Asynchronous Fuzzy Dynamic Sliding Mode Control for Nonlinear Markov Jump Systems Under Hidden Mode Detections
针对参数不确定和外部干扰的非线性马尔可夫跳变系统,利用隐藏马尔可夫模型检测系统模式,设计异步动态滑模控制律,保证随机稳定性和耗散性能。
This article studies the asynchronous dissipative-based sliding mode control (SMC) for nonlinear Markov jump system (MJS) by Takagi–Sugeno (T–S) fuzzy models, which suffer from mismatched parameter uncertainties and exogenous disturbances. The actual system modes are usually not accessible directly for controller design due to some practical environment constraints, and the modes of the sliding surface and controller are characterized as observed modes.

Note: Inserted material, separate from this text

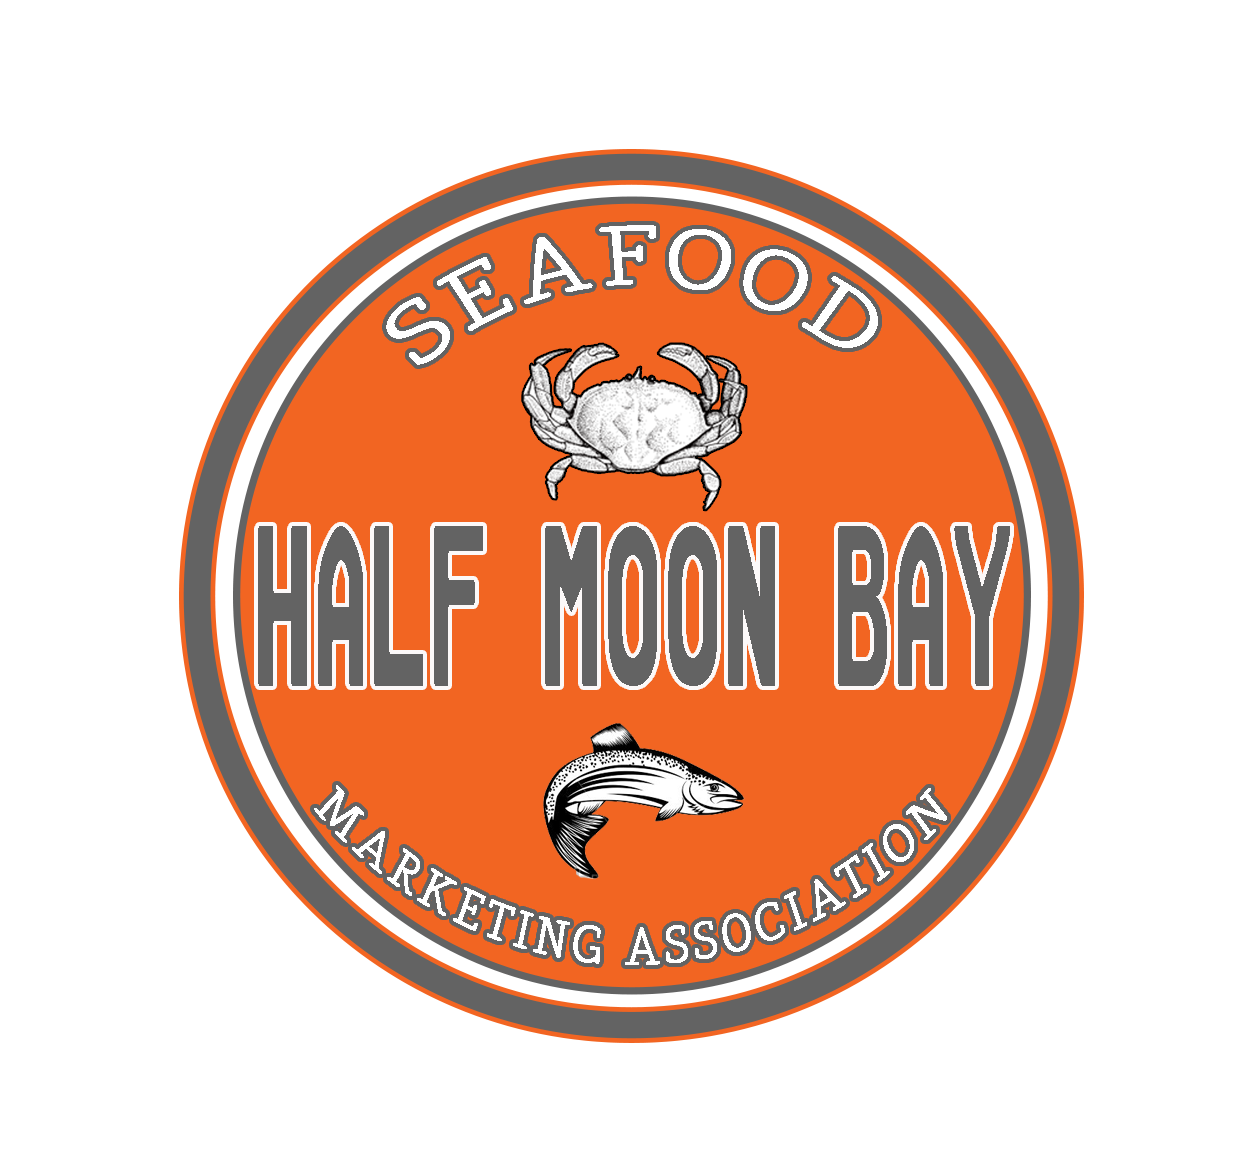 Half Moon Bay Seafood

The hidden Markov model (HMM) is first utilized to detect the system mode information, which also describes the asynchronous phenomenon of the jump mode between the sliding surface/controller and the original plant. Based on the observed modes, a suitable sliding surface is designed via consisting of both the system states and the control input. By sufficiently exploiting the dynamical features of the fuzzy MJSs and associating with the sliding surface, new sliding surface existence conditions are proposed, which also ensure the stochastic stability (SS) and desired dissipative performance for the sliding motion. Then, a novel asynchronous dynamic SMC law is proposed to drive the fuzzy MJS states into a neighborhood of the designed sliding surface. Finally, simulation studies are conducted to show the validity of the proposed approach.